In fact, their first night together she had fed him elk heart—turned slimy and gelatinous simmering there in the kettle for what must surely have been the better part of the past three days.
“The ol’ man here,” Cooper had explained that first afternoon, telling Titus the results of a long exchange of sign language, some dutiful handshaking, and loud elocutions in both Ute and white tongues, “he’s the gal’s uncle.”
“Whose uncle?” Bass had inquired, his eyes searching the crowd of women and children who had gathered behind their men in welcoming the white men into their midst when the four had burst out of the timber into the bottomland, whooping and hollering to beat the band, firing their rifles into the air to greet the young warriors who had hurried out to meet them—their dark, brazen frowns turned quickly to happy smiles all round. Indeed, Titus could readily see why Tuttle had repeatedly emphasized that the Ute were a good people to hunker down with for the winter.
“Why,” Silas replied, “the woman who said she’d take y’ in, Scratch.”
“T-take me in?” he echoed, then immediately grew particular. “She be young or old?”
“Y’ grown particular?” and Cooper flashed him a disapproving look. “It don’t matter, do it?”
With a shrug Bass glanced over the female faces and said, “Long as it’s a place to sleep, I s’pose it don’t.”
Cooper slapped a hand on Bass’s shoulder. “Leastways, she’s old enough to be a widder woman.”
“A widder woman!” Billy shrieked. “Ah-hah! Scratch’s gonna fork him a widder woman for winter!”
“Just like the widder woman what give him the nits!” Tuttle had gushed with laughter too.
Enough laughter that it made Bass’s cheeks burn in embarrassment, and his stomach churn with a sudden angry seizure. Maybe he had no business expecting anything
better, what with his being the greenest among them, but to be made the butt of their jokes once again—after all this time and after so many jokes played on him … now, that galled him ail the more.
“A widow woman,” Titus repeated, the words tasting sour. He swallowed hard, forcing down the bitter tang of them as he was of a sudden reminded of the Widow Grigsby. Then he jutted out his chin. “By damn, you niggers—at least that squaw’ll be no stranger to gathering firewood!” He whirled on black-haired Billy to say right to the man’s face, “And I’ll wager she knows her wav around a kettle pot too, Billy Hooks! Better’n I can say for you!”
Cooper banged Tuttle on the back, roaring with good-natured laughter, throwing his head back and letting his voice rise to the winter sky. “Why, if the greenhorn here ain’t got him a bit of ha’r after all!”
Bass continued, “So if’n it’s here we’re to plop down for the winter, by Jehoshaphat, I figure to stay warm and keep my belly full at that widder woman’s fire!”

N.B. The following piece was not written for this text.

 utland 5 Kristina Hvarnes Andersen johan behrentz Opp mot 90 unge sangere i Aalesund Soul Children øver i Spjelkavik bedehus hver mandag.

Tuttle slapped a hand on Hooks’s shoulder, the both of them sniggering uncontrollably. Bud said, “I’ll … I’ll bet that widder woman knows her way round under a buffler robe too, Titus Bass!”
Silas Cooper roared again at that, his Adam’s apple bouncing up and down between the thick, muscular cords in his neck, then told his three companions, “Good for us it be that all this high-larity come at just the time when these here Ute bucks is all smiling and acting good-natured themselves.”
“Wouldn’t be for us to be laughing at that ol’ chief’s gift of his niece, would it, now?” Tuttle observed, winking at Bass.
“Boys, looks to be we got us as prime a place to hunker down for the next few weeks as there be in the mountains,” Silas repeated later as the crowd began to disperse and the four chosen women remained behind in the bright afternoon light to take home their white lodge guests. “Empty your packs and keep your plunder at your side this first night. Be sartin y’ picket your animals outside your door come sundown—so it be close at hand for the first few nights. Jest in case.”